- _WORK ITEM_
Write each line out exactly, from the one containing "2007 06 09 Sat - Bridal toss bouquet" through the final line of the data, and keep pictures out of the copy.

- _GIVEN INFORMATION_
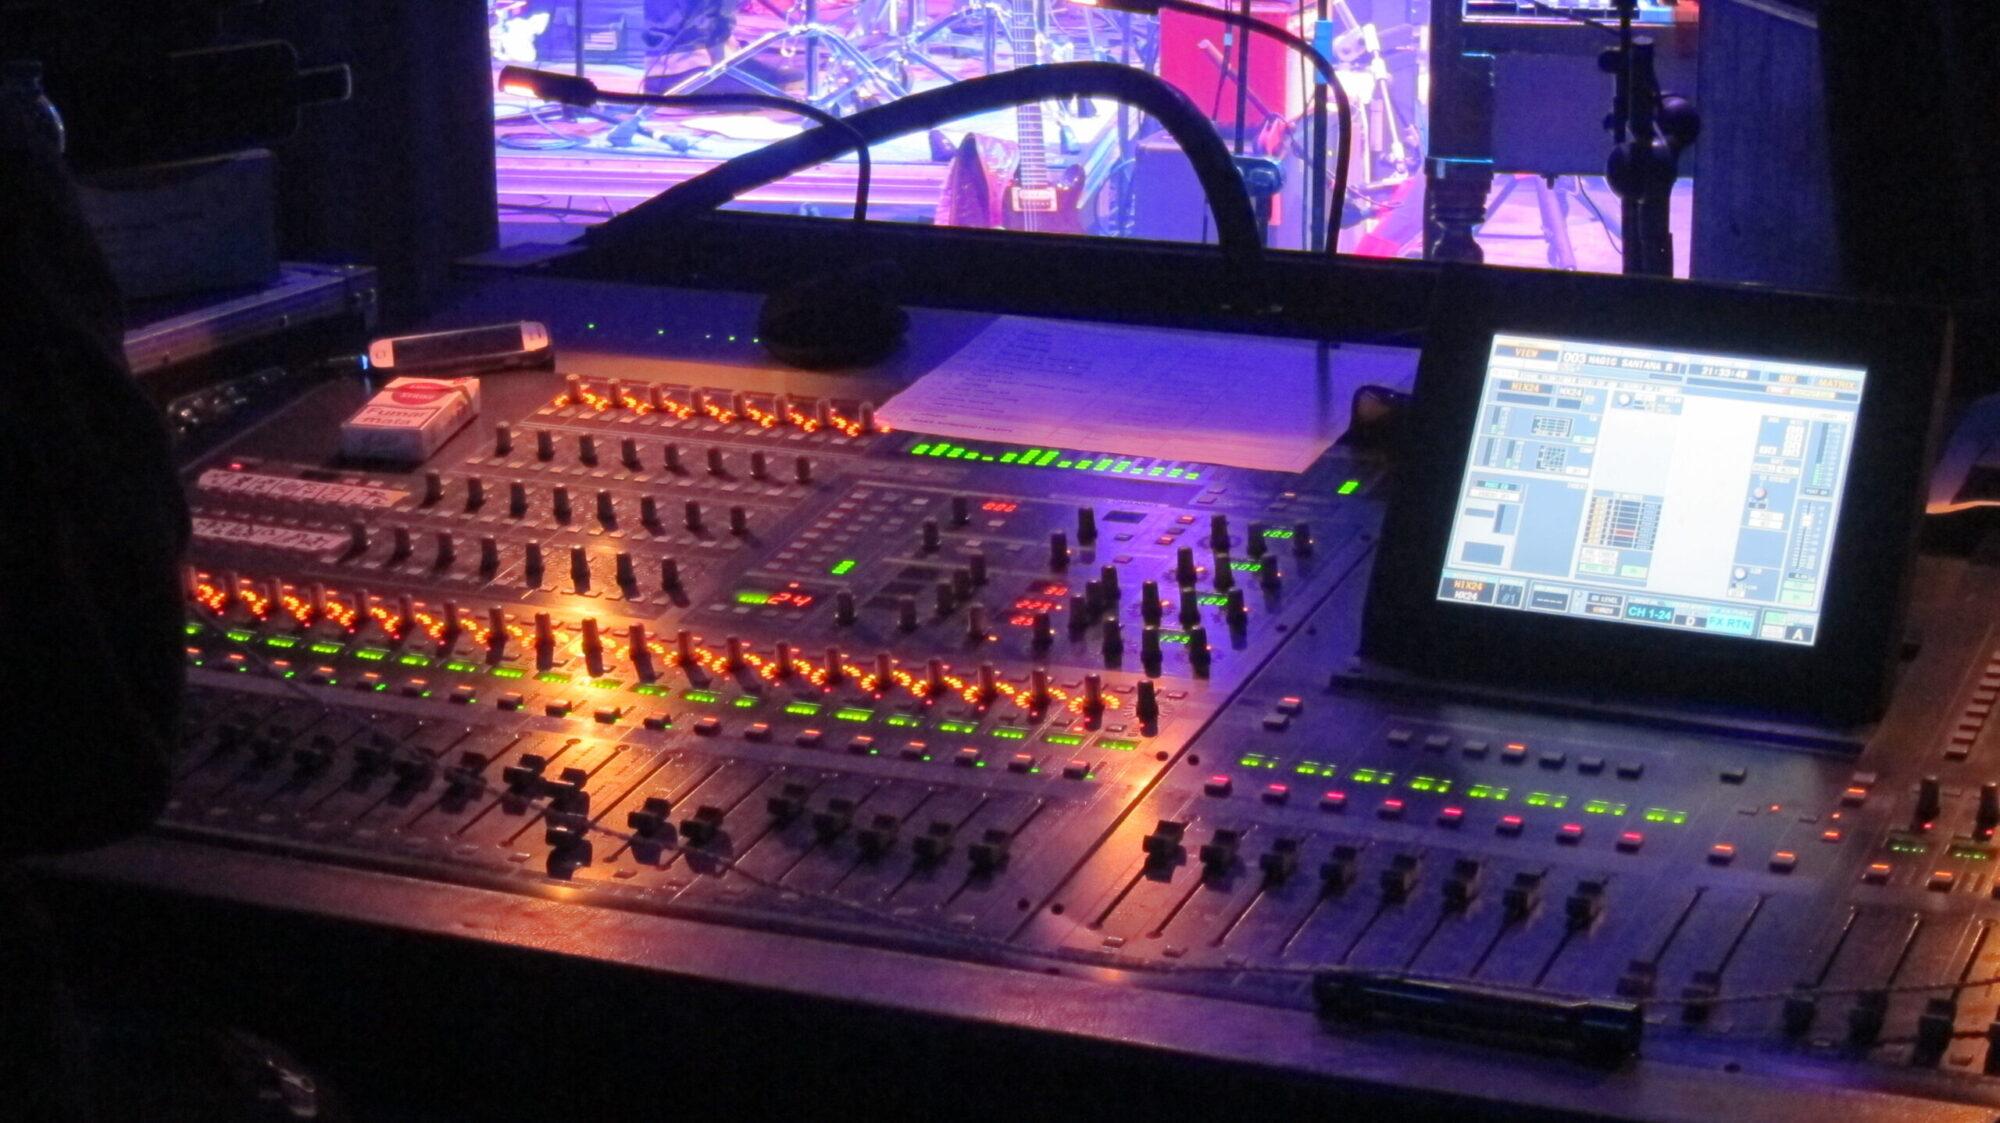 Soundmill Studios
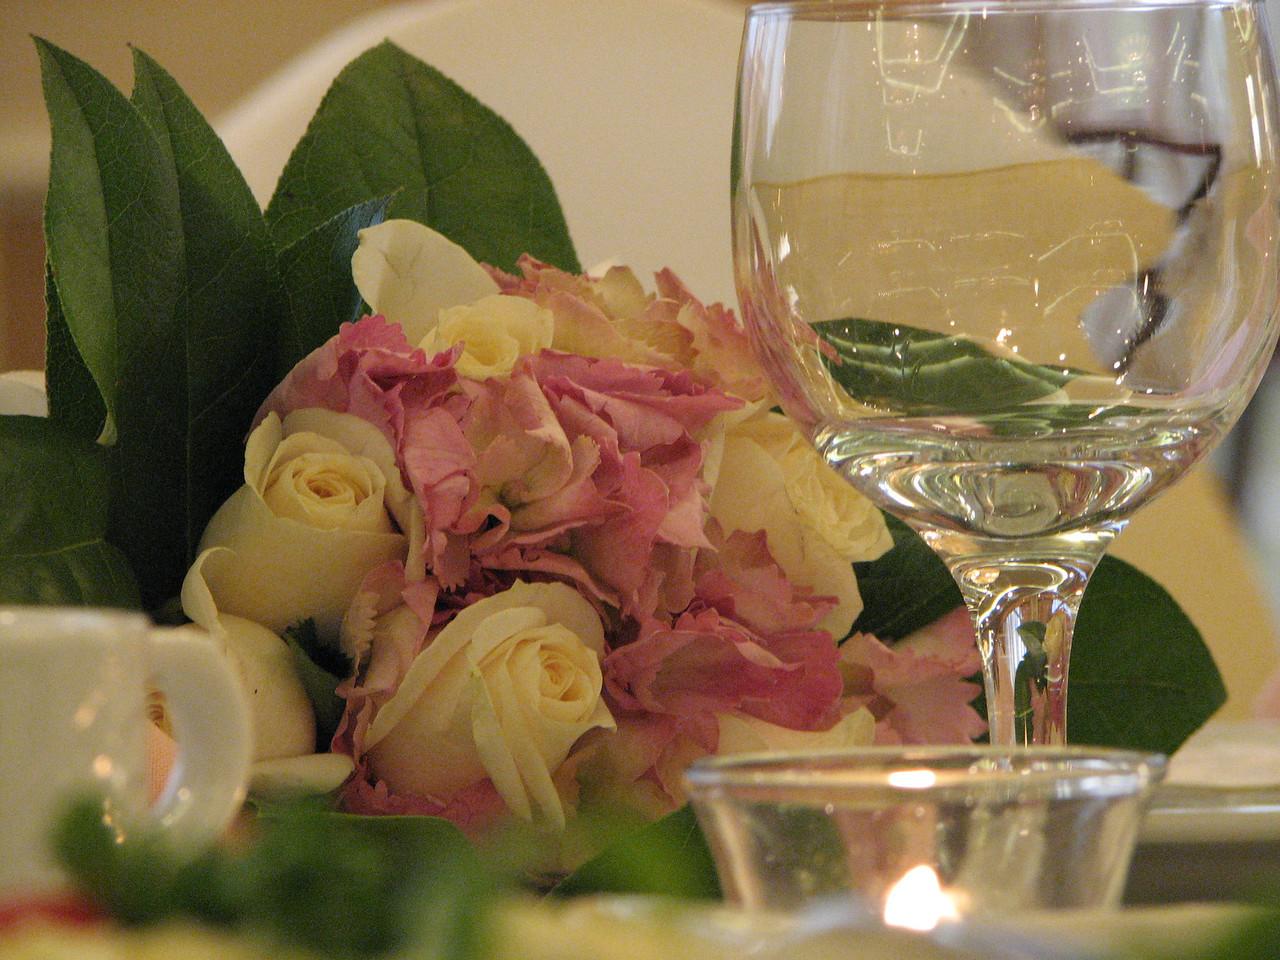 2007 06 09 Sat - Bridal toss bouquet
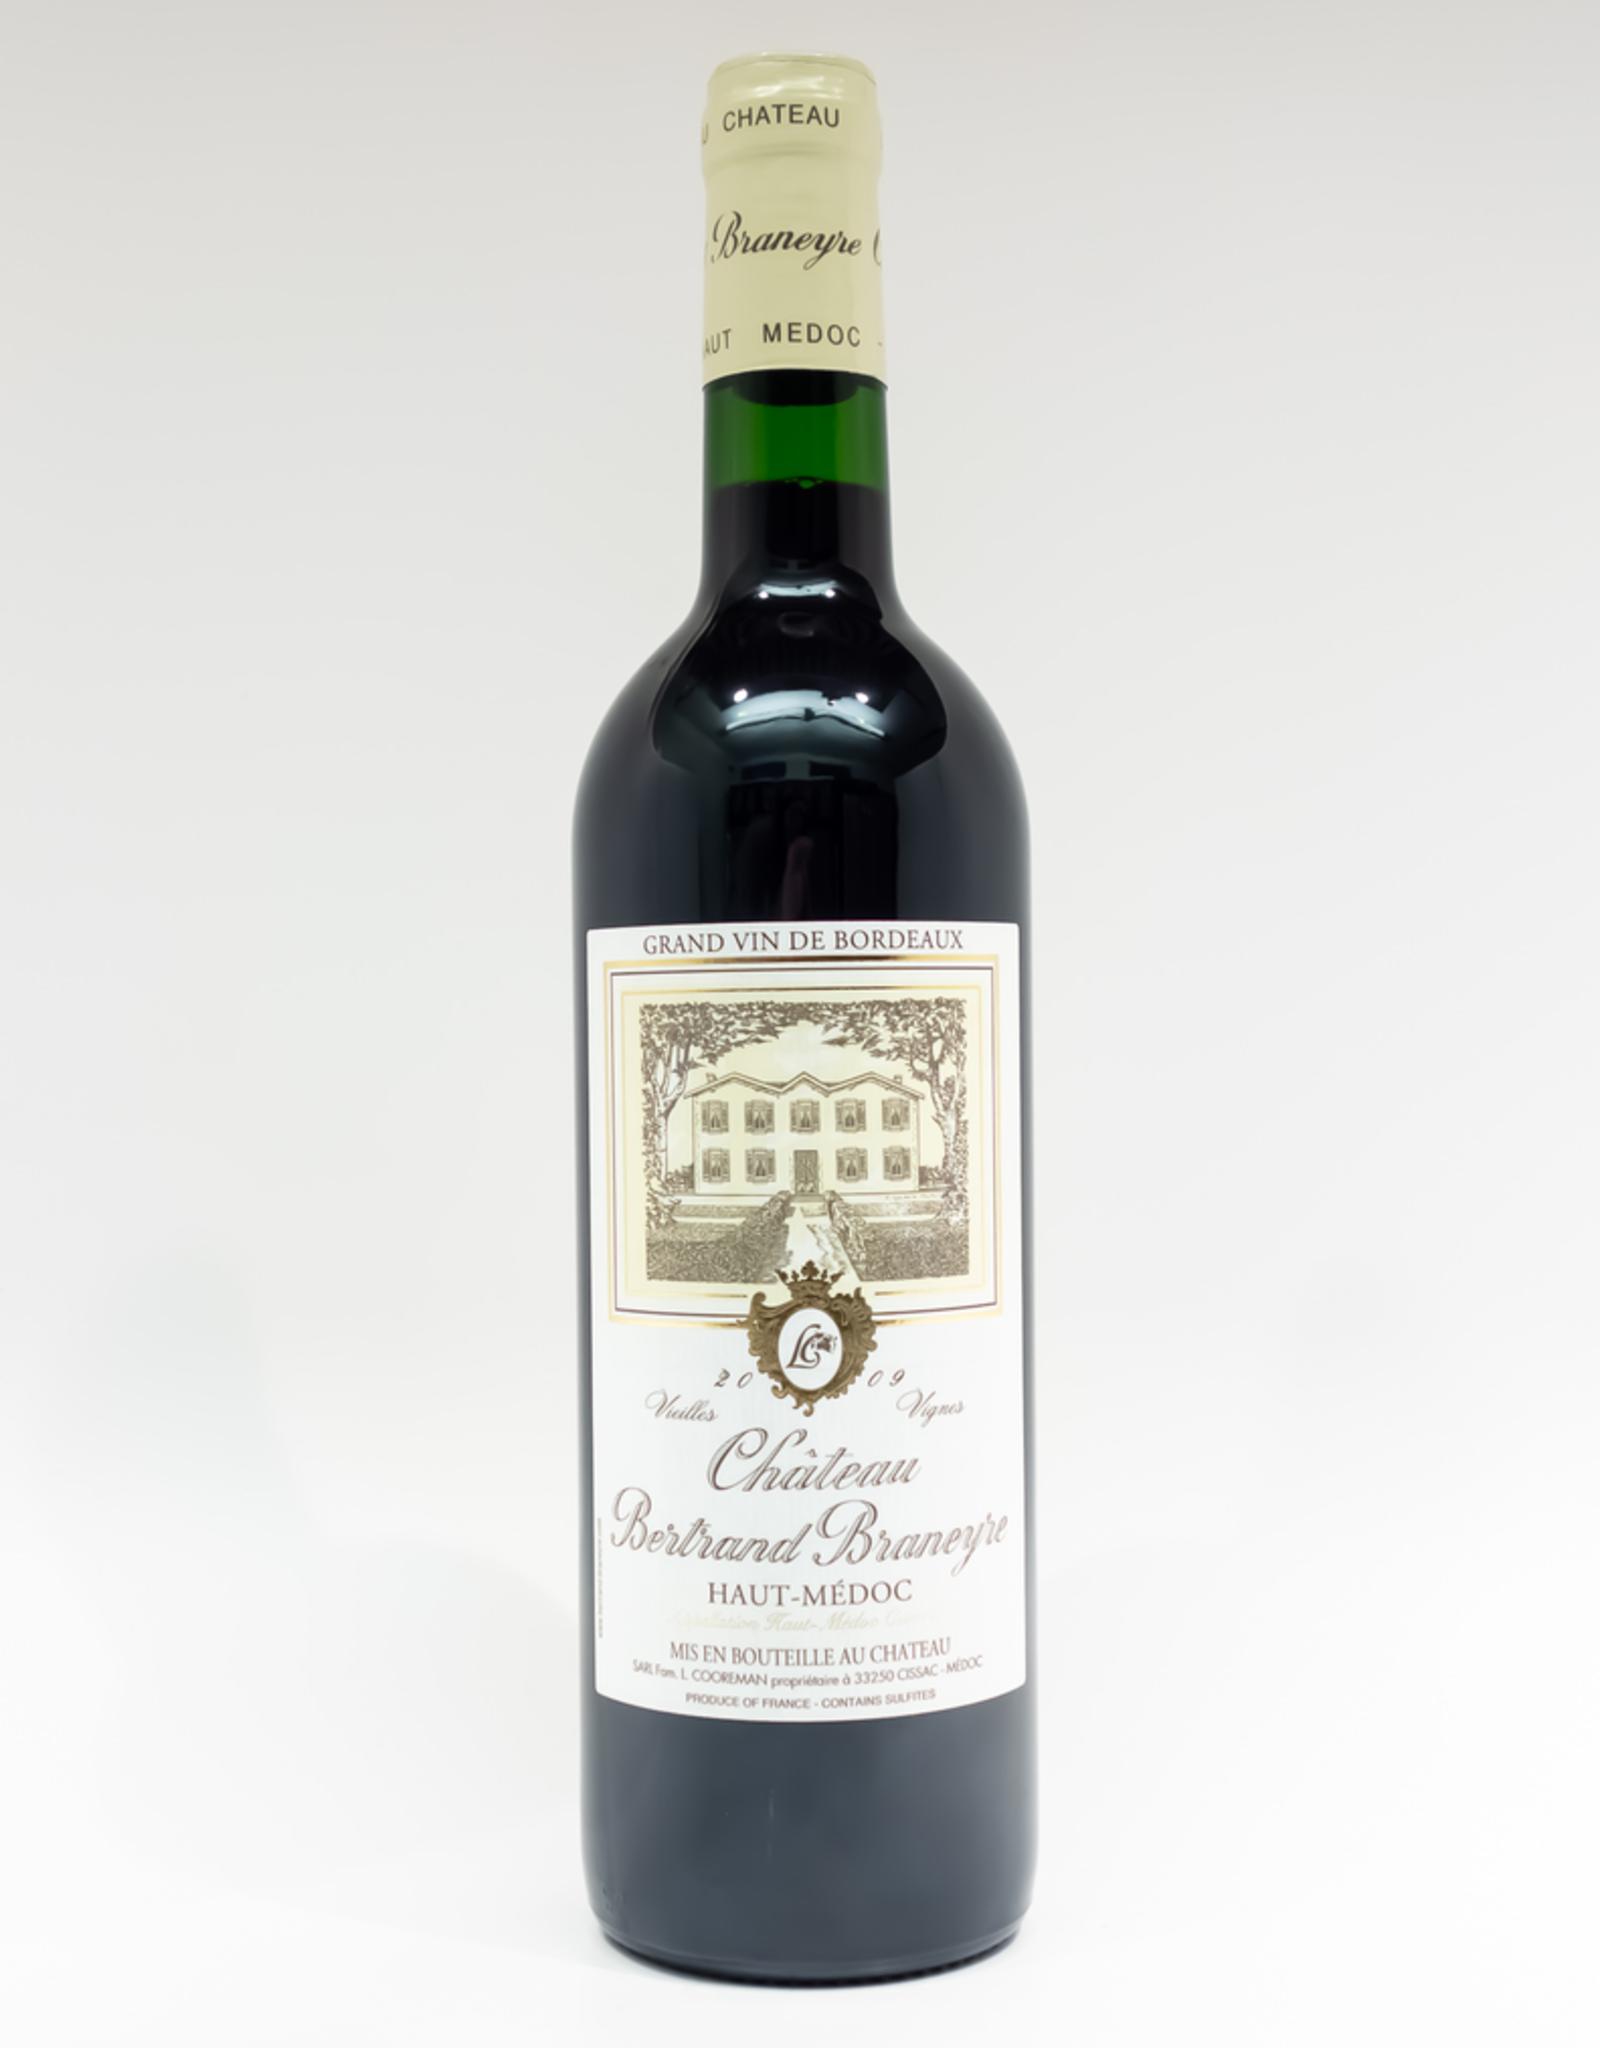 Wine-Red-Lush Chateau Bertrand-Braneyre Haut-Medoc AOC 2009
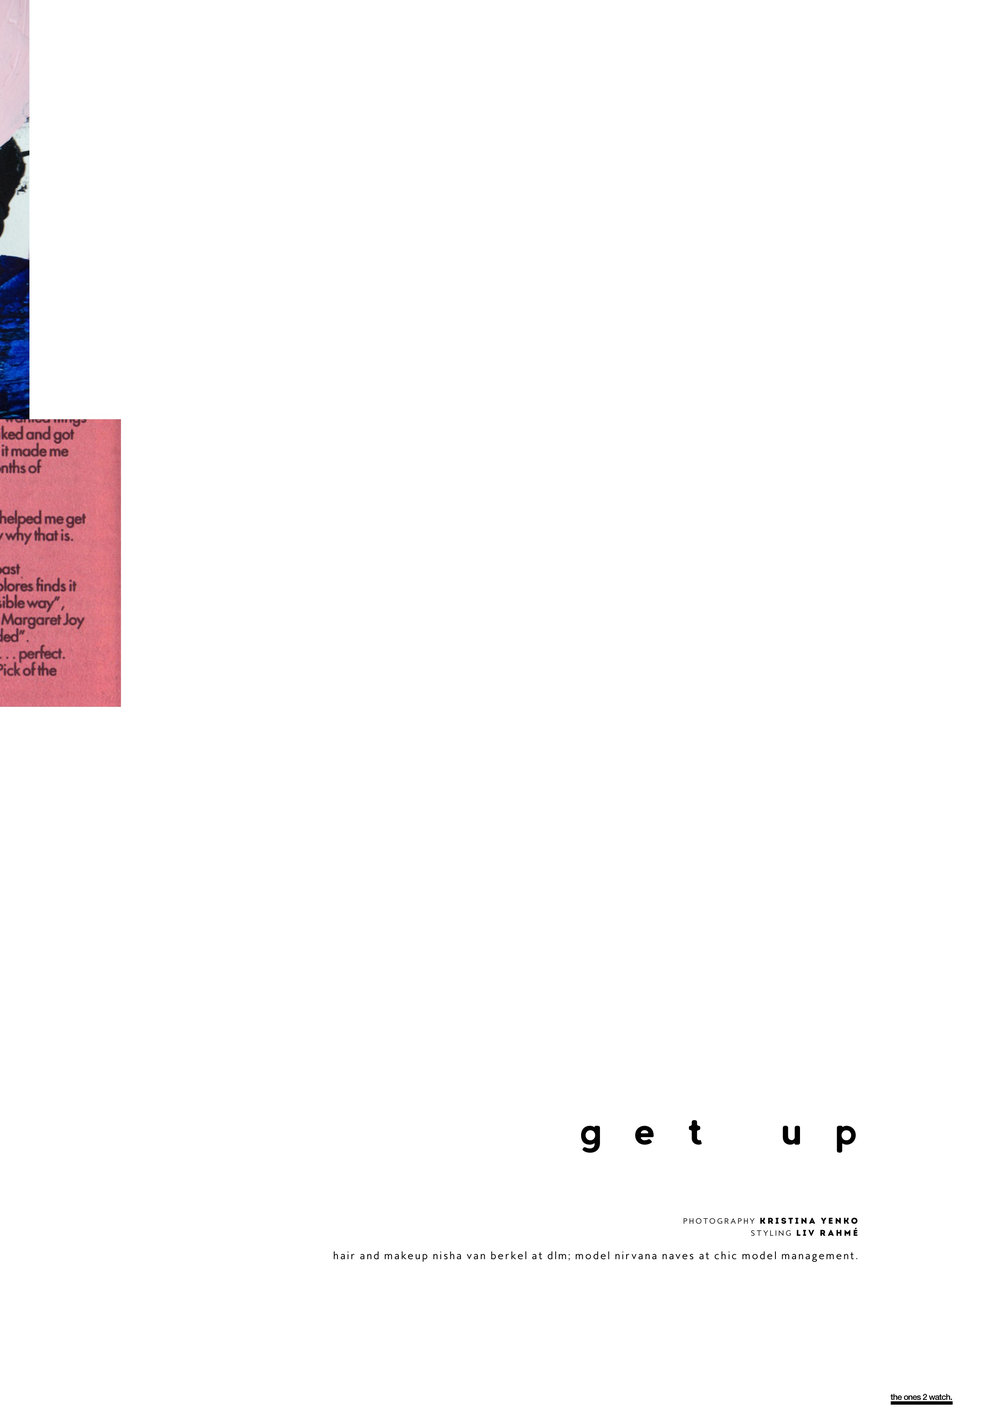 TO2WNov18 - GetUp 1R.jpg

- _ANSWER SECTION_
 2007 06 09 Sat - Bridal toss bouquet
 Wine-Red-Lush Chateau Bertrand-Braneyre Haut-Medoc AOC 2009
 TO2WNov18 - GetUp 1R.jpg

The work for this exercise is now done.